START Given material

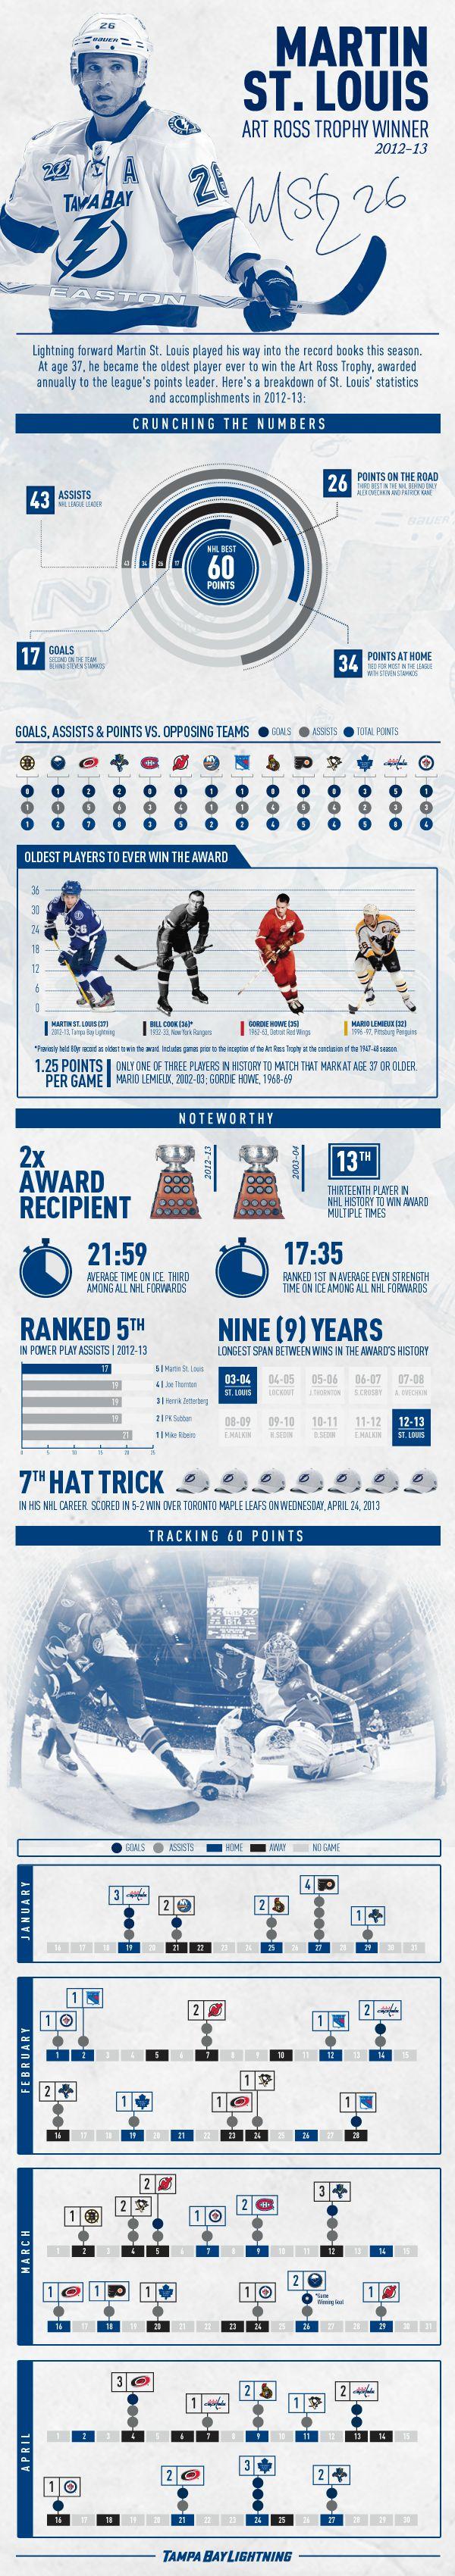 Martin St. Louis: Art Ross Trophy winner 2012-2013
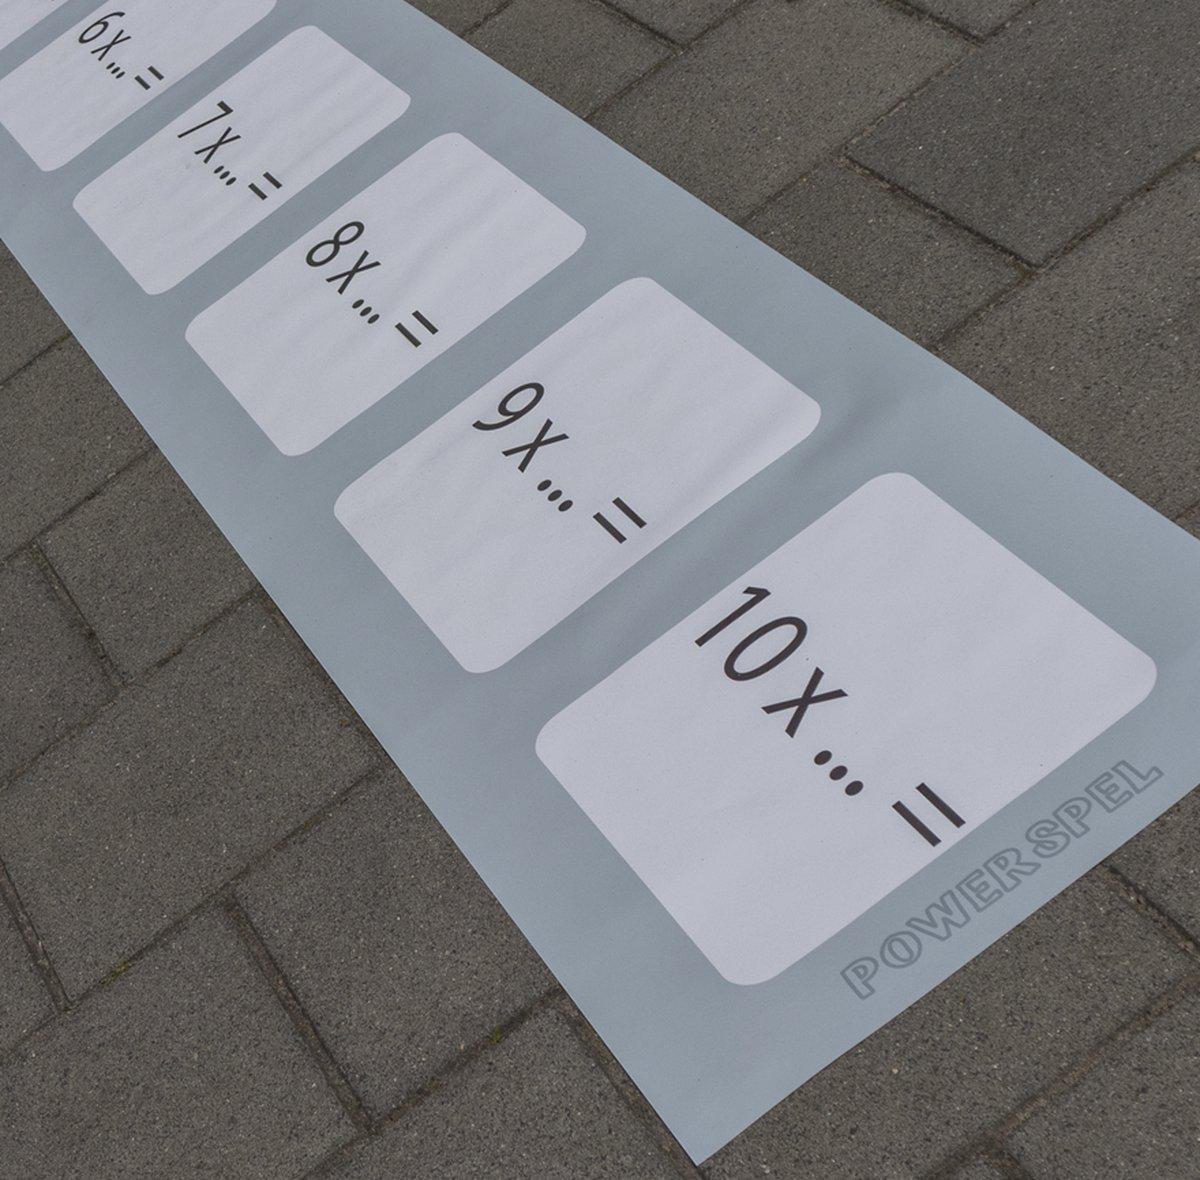 Leermat tafels (lengte)
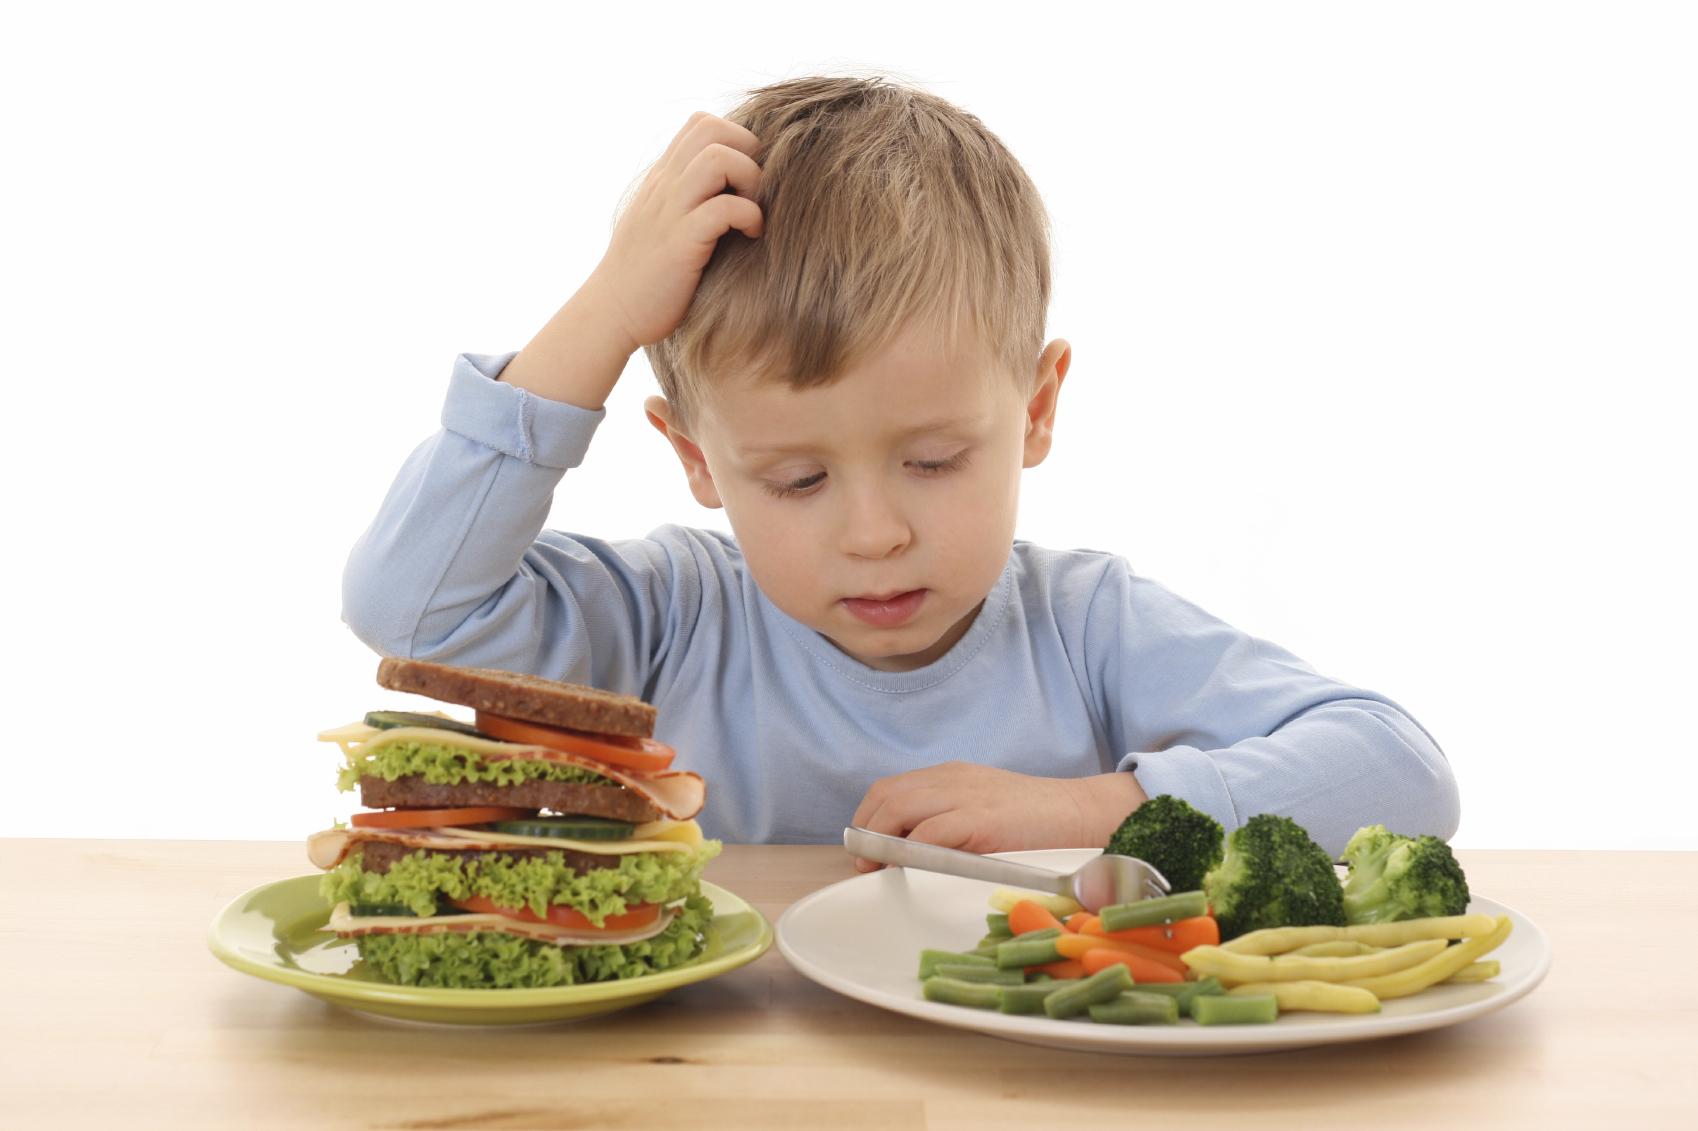 http://taghzie.ir/diet/life-cycle-diet/childhood-diet
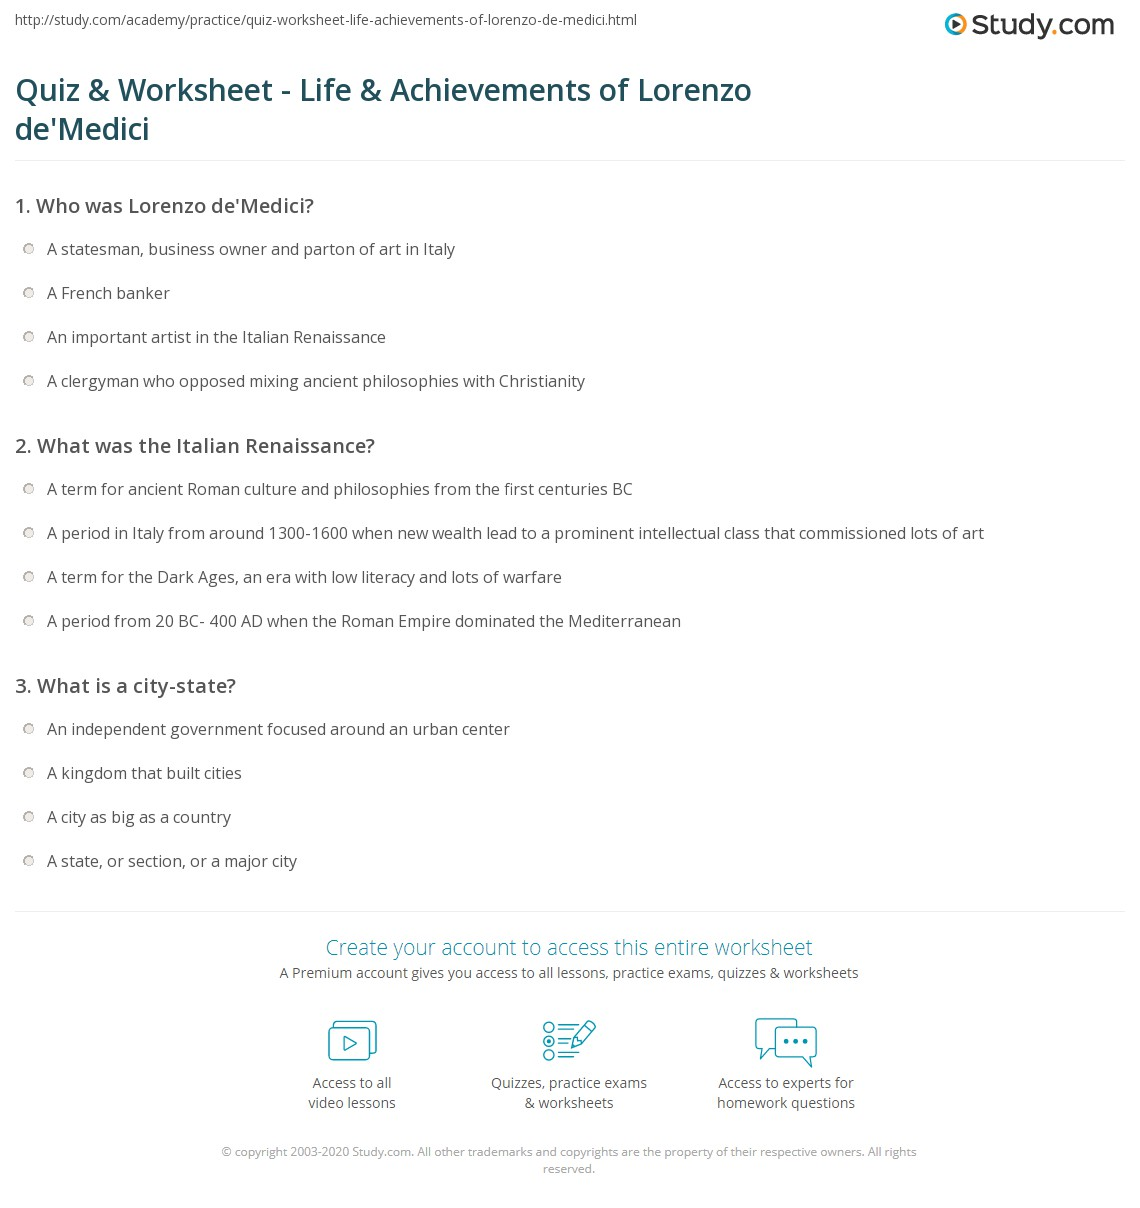 quiz worksheet life achievements of lorenzo de 39 medici. Black Bedroom Furniture Sets. Home Design Ideas

END Given material

### Your task
Without changing a word, retype the data above and omit its pictures.

### Result of this task
 Martin St. Louis: Art Ross Trophy winner 2012-2013
 Leermat tafels (lengte)
 http://taghzie.ir/diet/life-cycle-diet/childhood-diet
 quiz worksheet life achievements of lorenzo de 39 medici. Black Bedroom Furniture Sets. Home Design Ideas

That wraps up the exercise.